:: Data shown
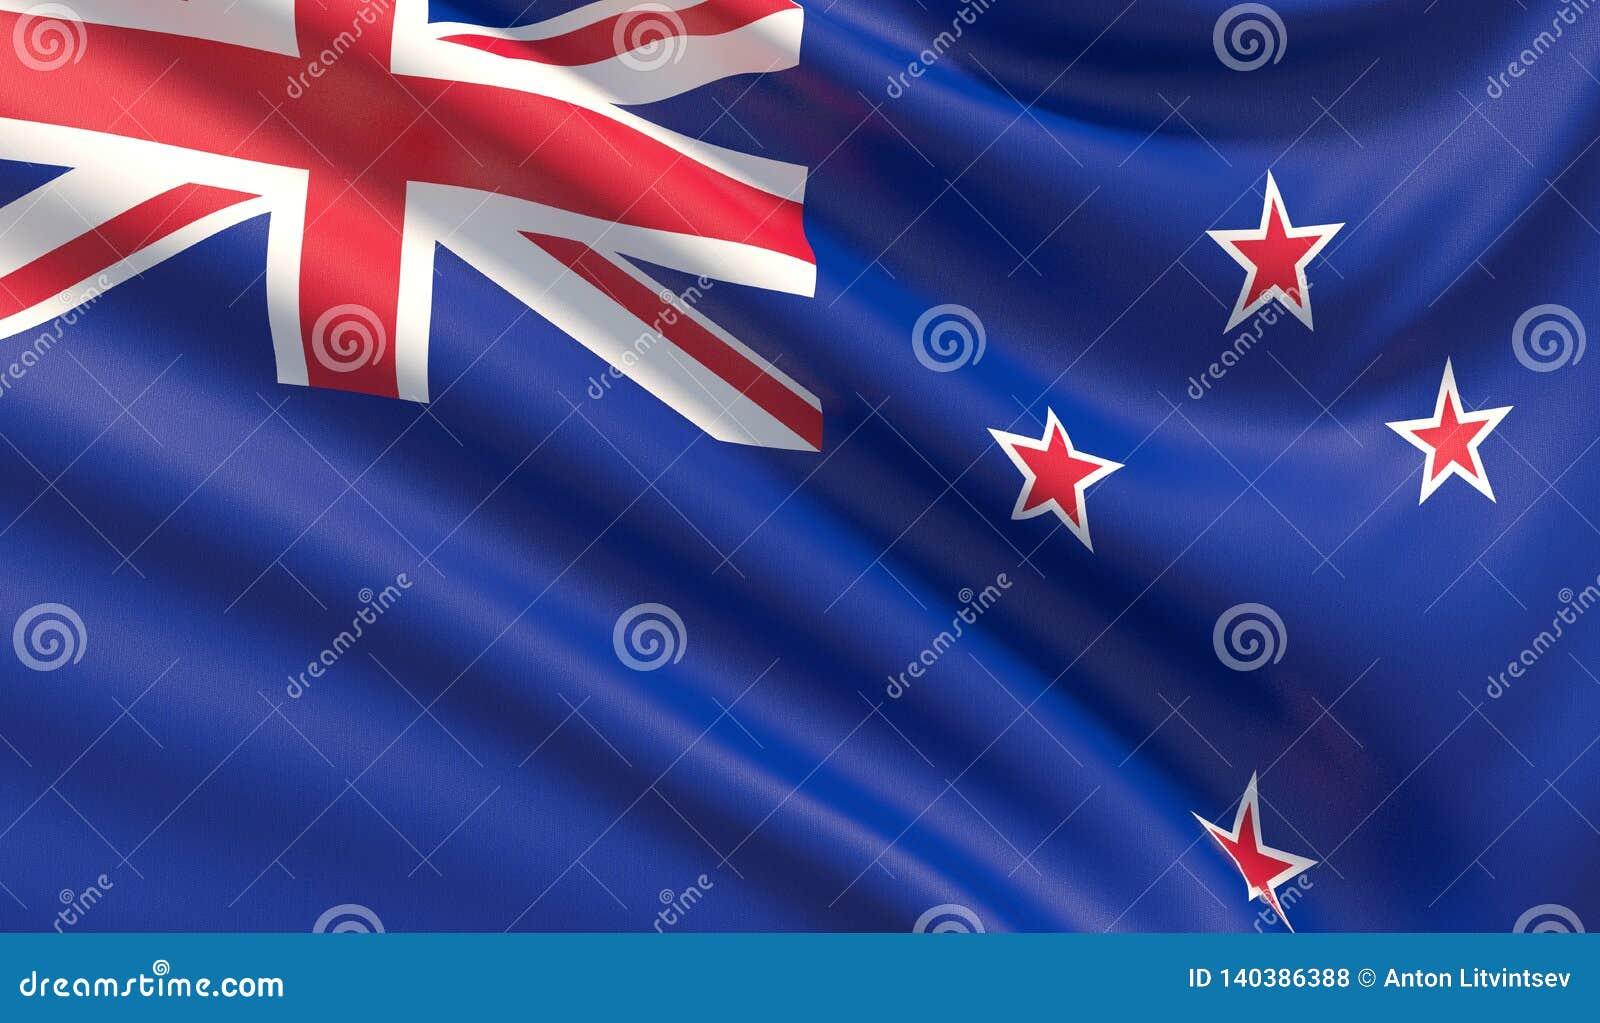 Indicador de Nueva Zelandia Textura altamente detallada agitada de la tela ilustración 3D
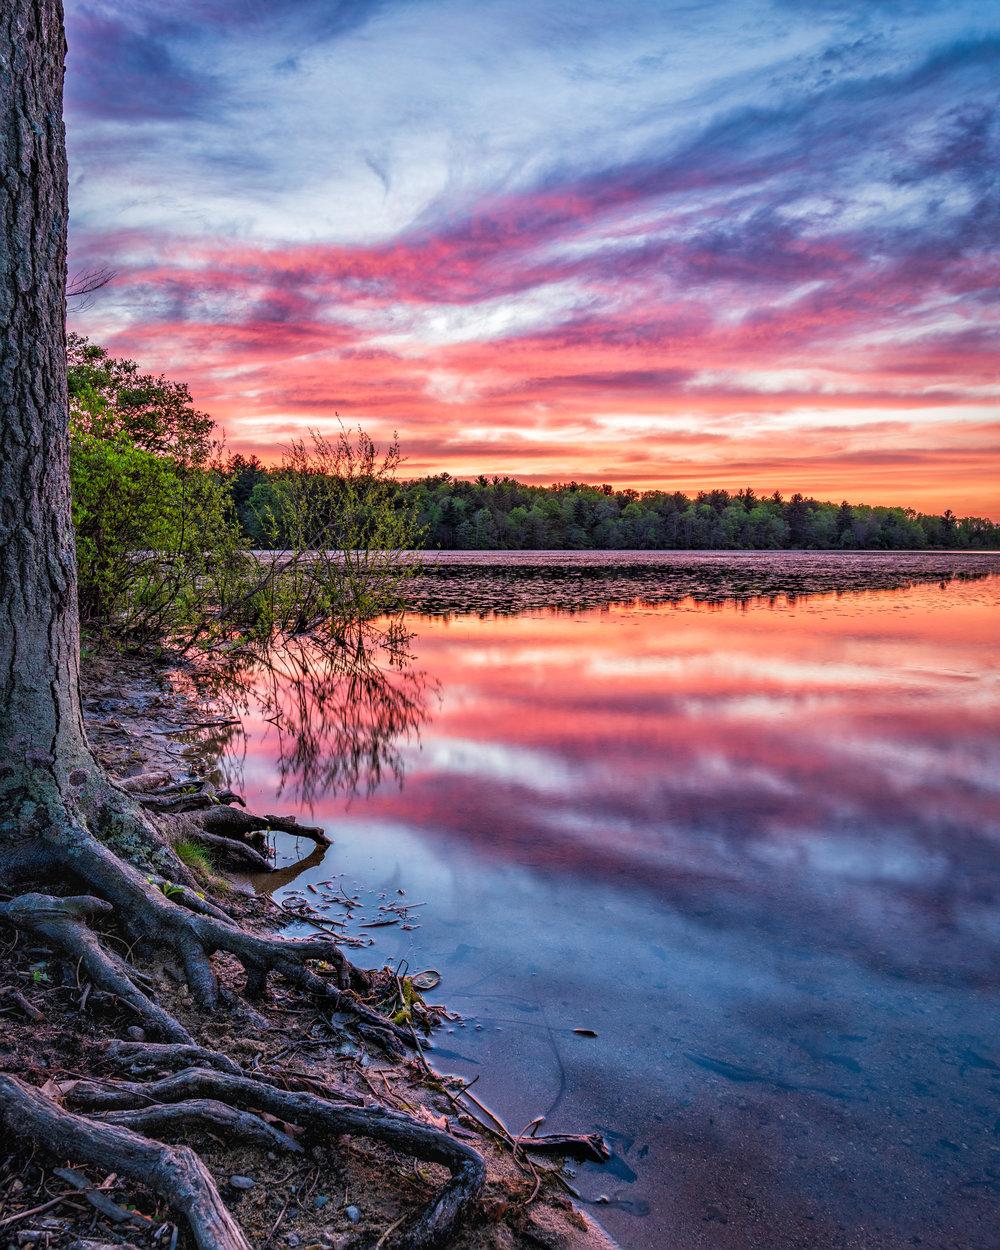 Sunset at Burrage Pond
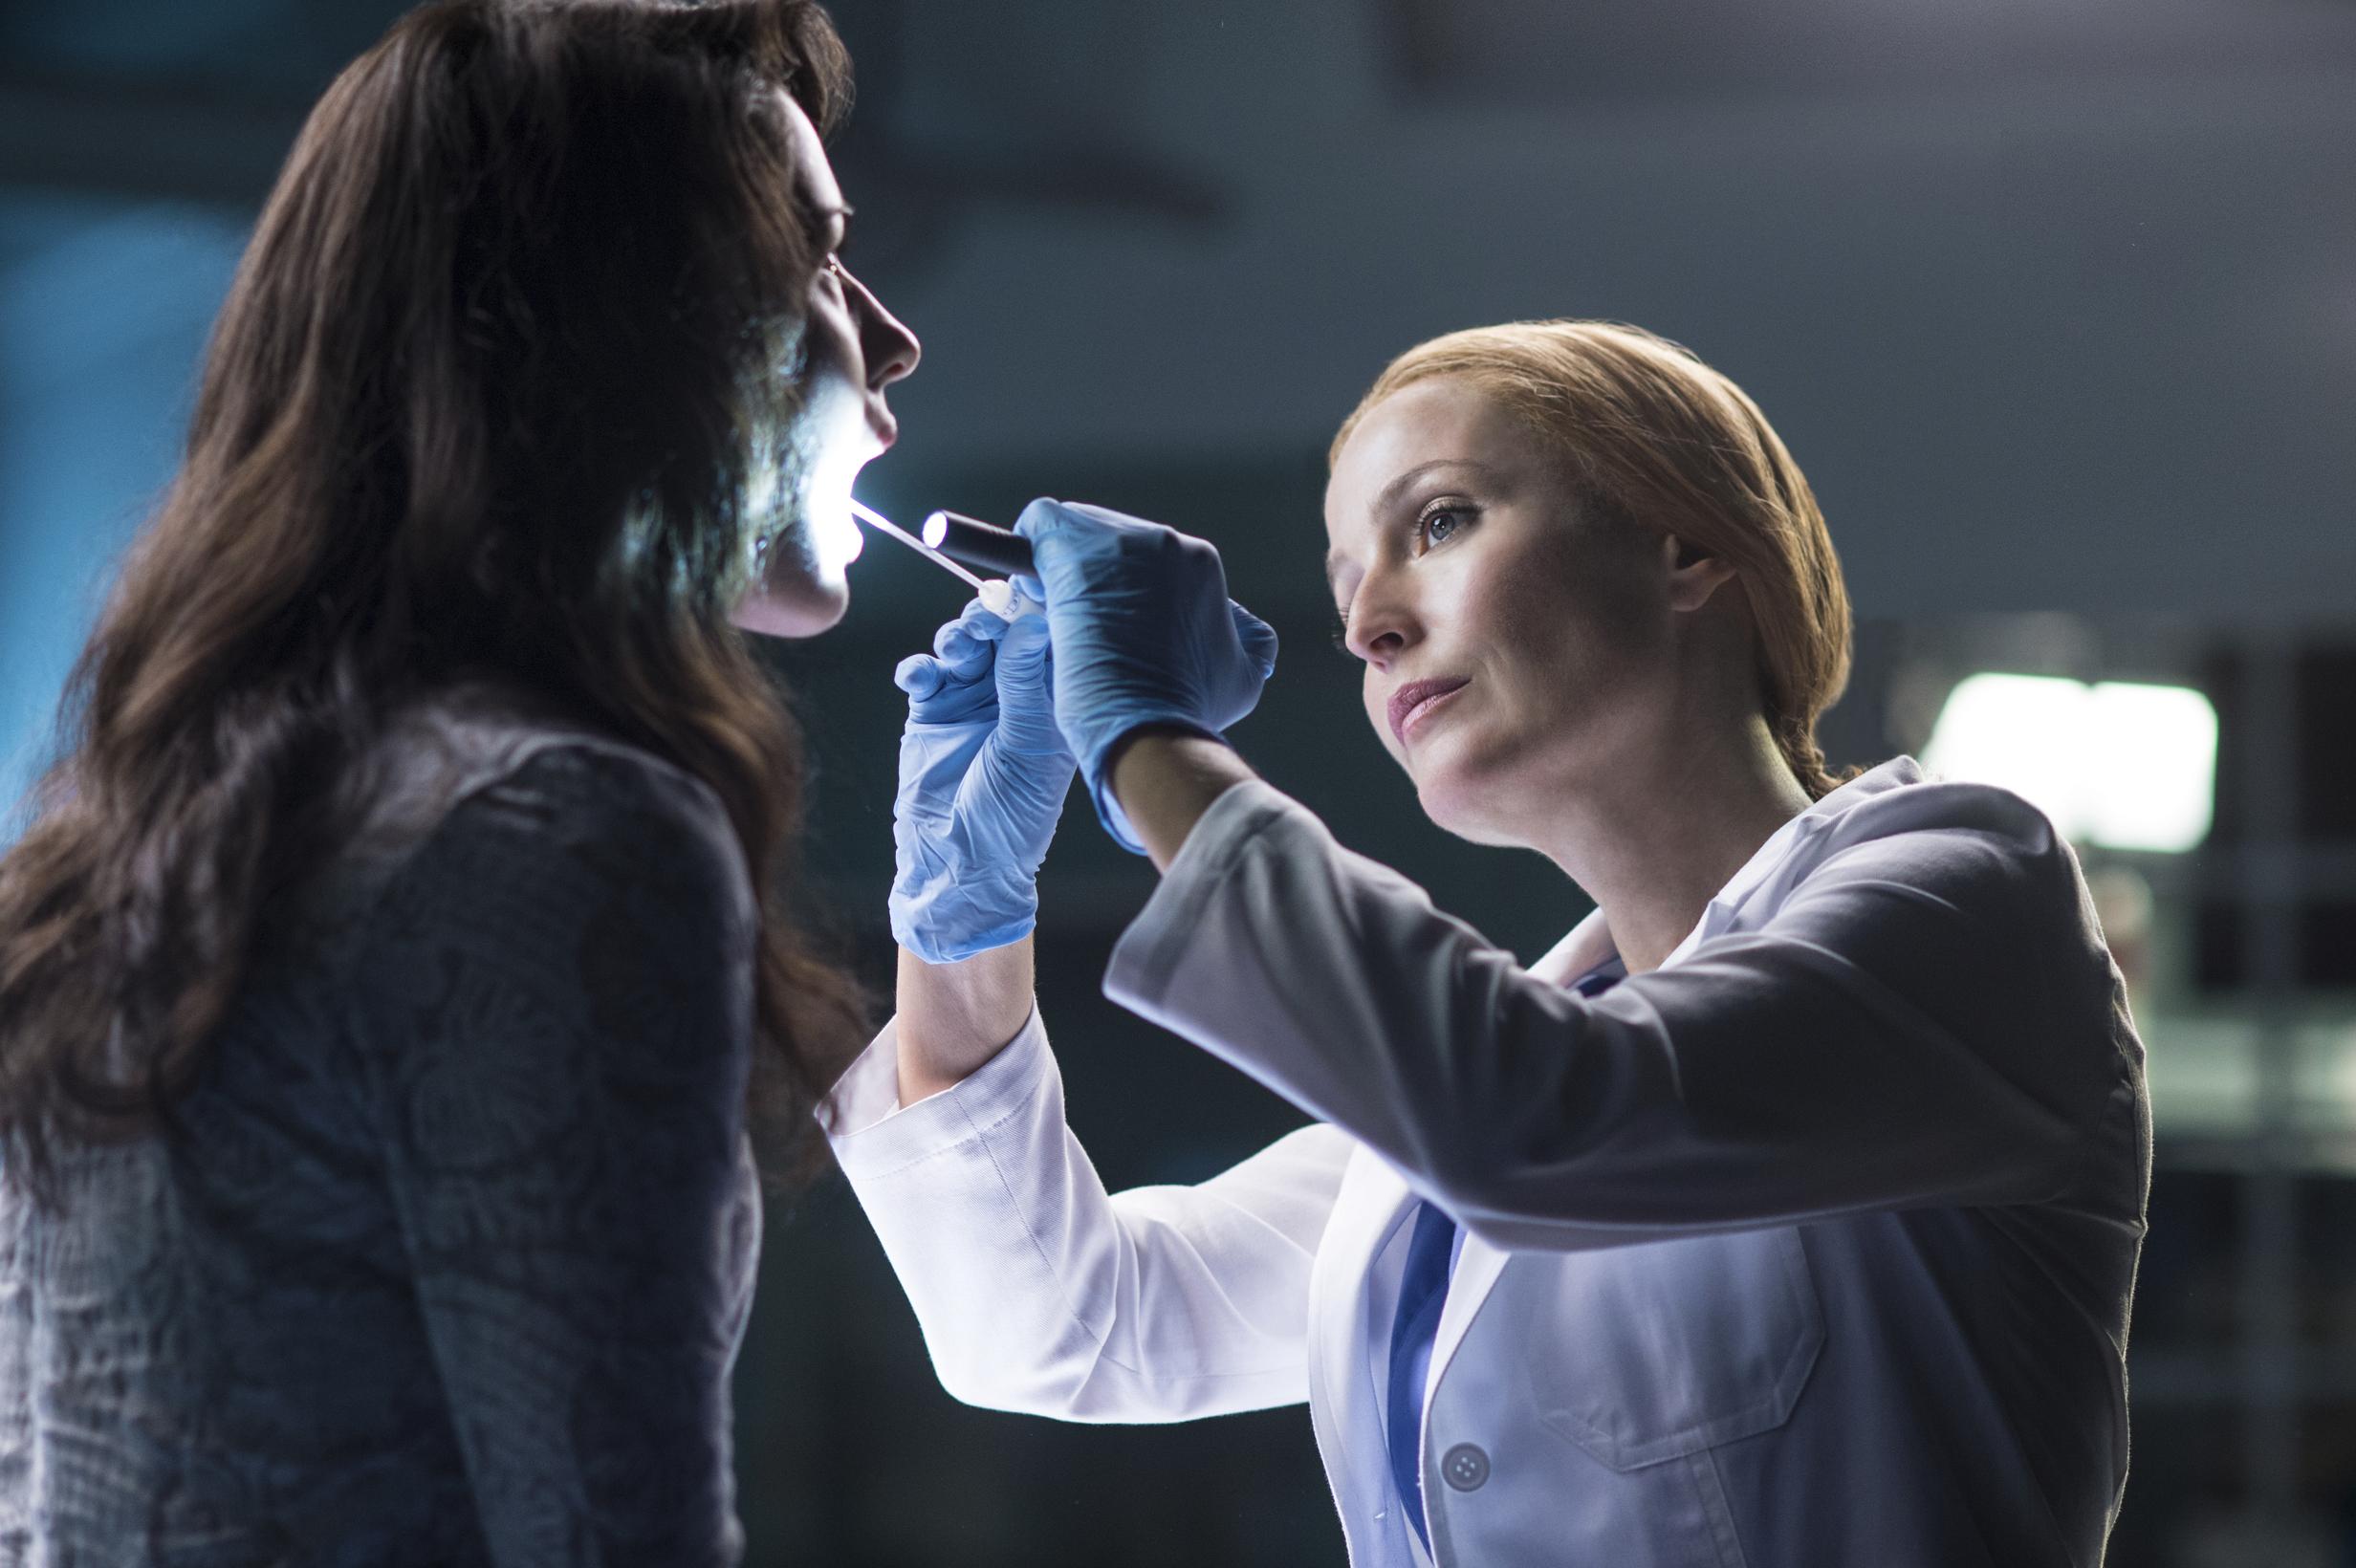 """Ati vazut """"Dosarele X"""" (""""X Files""""), sezonul 10? Episodul 1 este poate cel mai antisistem film produs vreodata iar […]"""
::::
> Problem
Reproduce the listing verbatim, and keep the pictures out of the copy.

> Result for this task
 Indicador de Nueva Zelandia Textura altamente detallada agitada de la tela ilustración 3D
 Sunset at Burrage Pond
 """Ati vazut """"Dosarele X"""" (""""X Files""""), sezonul 10? Episodul 1 este poate cel mai antisistem film produs vreodata iar […]"""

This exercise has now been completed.